Unlike structure-based design, ligand-based drug design does not rely on the three-dimensional structure of the target protein, but designs new drug molecules by analyzing the structural characteristics of known active molecules (such as pharmacophore, molecular interaction patterns, etc.). This makes it possible to screen and design drugs based on existing ligand information when the target structure is unknown or difficult to obtain. Therefore, ligand-based drug design is well suited for use when the target structure is unavailable or unknown, especially in the early drug discovery phase, where a library of known active molecules or compounds can be used for rapid screening to find potential drug candidates.

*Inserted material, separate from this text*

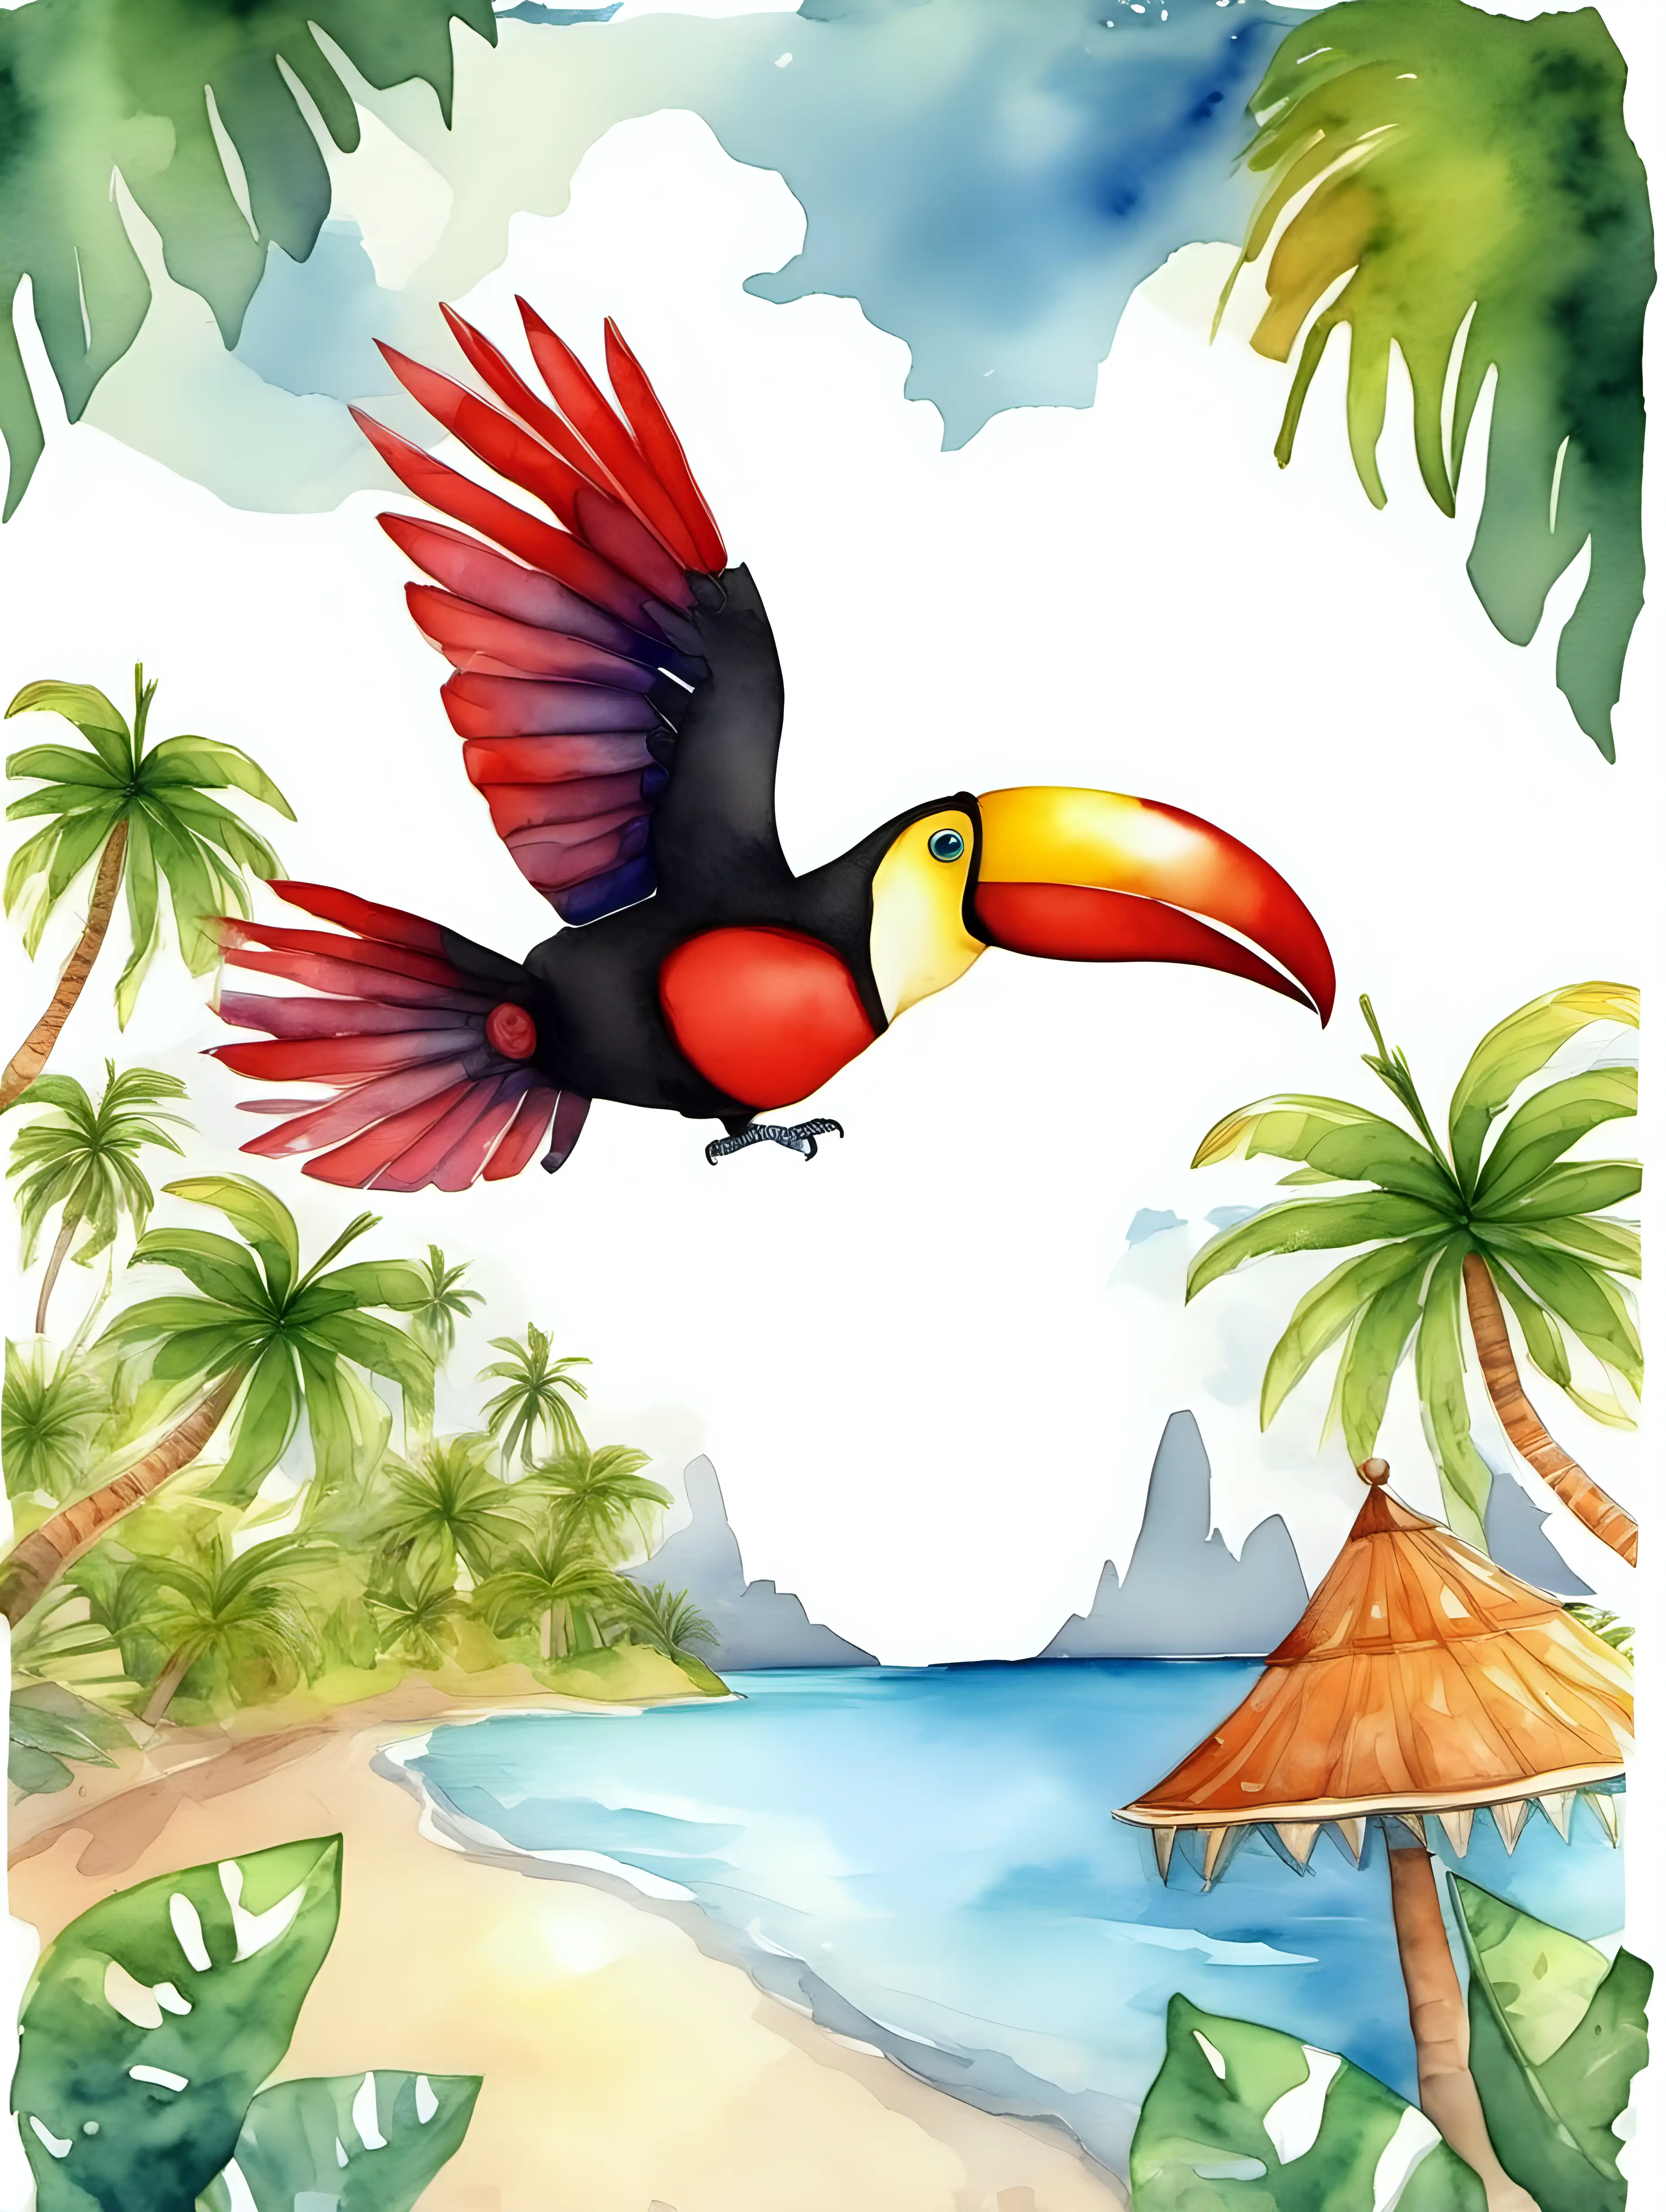 Vibrant Red Toucan Soaring Above Lush Tropical Island in Beautiful Watercolor

The advantage of ligand-based design is its flexibility and efficiency, which enables drug design using quantitative relationships between chemical structure and biological activity (such as QSAR models) or pharmacophore characteristics without information about the structure of the target protein. It also provides more potential target molecules for drug discovery, especially when the target is not well understood.

Hybrid Approach: Combining Both Methods

With the continuous advancement of drug development technology, more and more researchers have begun to combine structural basis and ligand-based design, adopting a hybrid approach to give full play to the advantages of both. By combining the target structure and ligand information, the hybrid method not only uses the detailed site information provided by the target structure to guide the drug molecule design, but also optimizes the biological activity of the compound through the ligand information, thus improving the accuracy and efficiency of drug design.

Overview of hybrid methods: In hybrid methods, drug design usually first relies on three-dimensional structural analysis of the target, accurately locate the binding site of drug molecules and targets through molecular docking and other technologies, and design preliminary drug candidate molecules. Subsequently, ligand-based design methods (e.g., QSAR model, pharmacophore modeling, etc.) are used to further optimize these preliminarily designed compounds to improve their bioactivity, selectivity, and drug metabolism properties. In this way, the designed drug molecules can not only precisely bind to the target protein, but also fully consider the metabolic and pharmacodynamic properties in the organism, improving the success rate of drug candidates.

Application example: In the research and development of anticancer drugs, the hybrid method has been widely used. For example, researchers can first analyze the three-dimensional structure of the target protein through X-ray crystallography or Cryo-EM techniques, and combine structural analysis to design binding sites of drug molecules. Next, the preliminarily designed compounds are optimized using ligand-based methods such as QSAR models and pharmacophore modeling to improve their binding affinity and biological activity to the target. This strategy of combining target structure and ligand information has significantly improved the efficiency of drug development and shortened the development cycle of new drugs.

Advantages: The hybrid approach combines the advantages of structure-based design and ligand-based design to further optimize the properties of the compound through ligand information while ensuring target specificity. In this way, drug development can not only improve success rates, but also save significant resources and time. For example, target structures provide precise targeting and binding patterns, while ligand-based screening methods enable rapid detection and optimization of potential drug molecules at an early stage. Therefore, the hybrid approach provides a more comprehensive and flexible strategy for drug development, which greatly improves the efficiency and success rate of new drug development.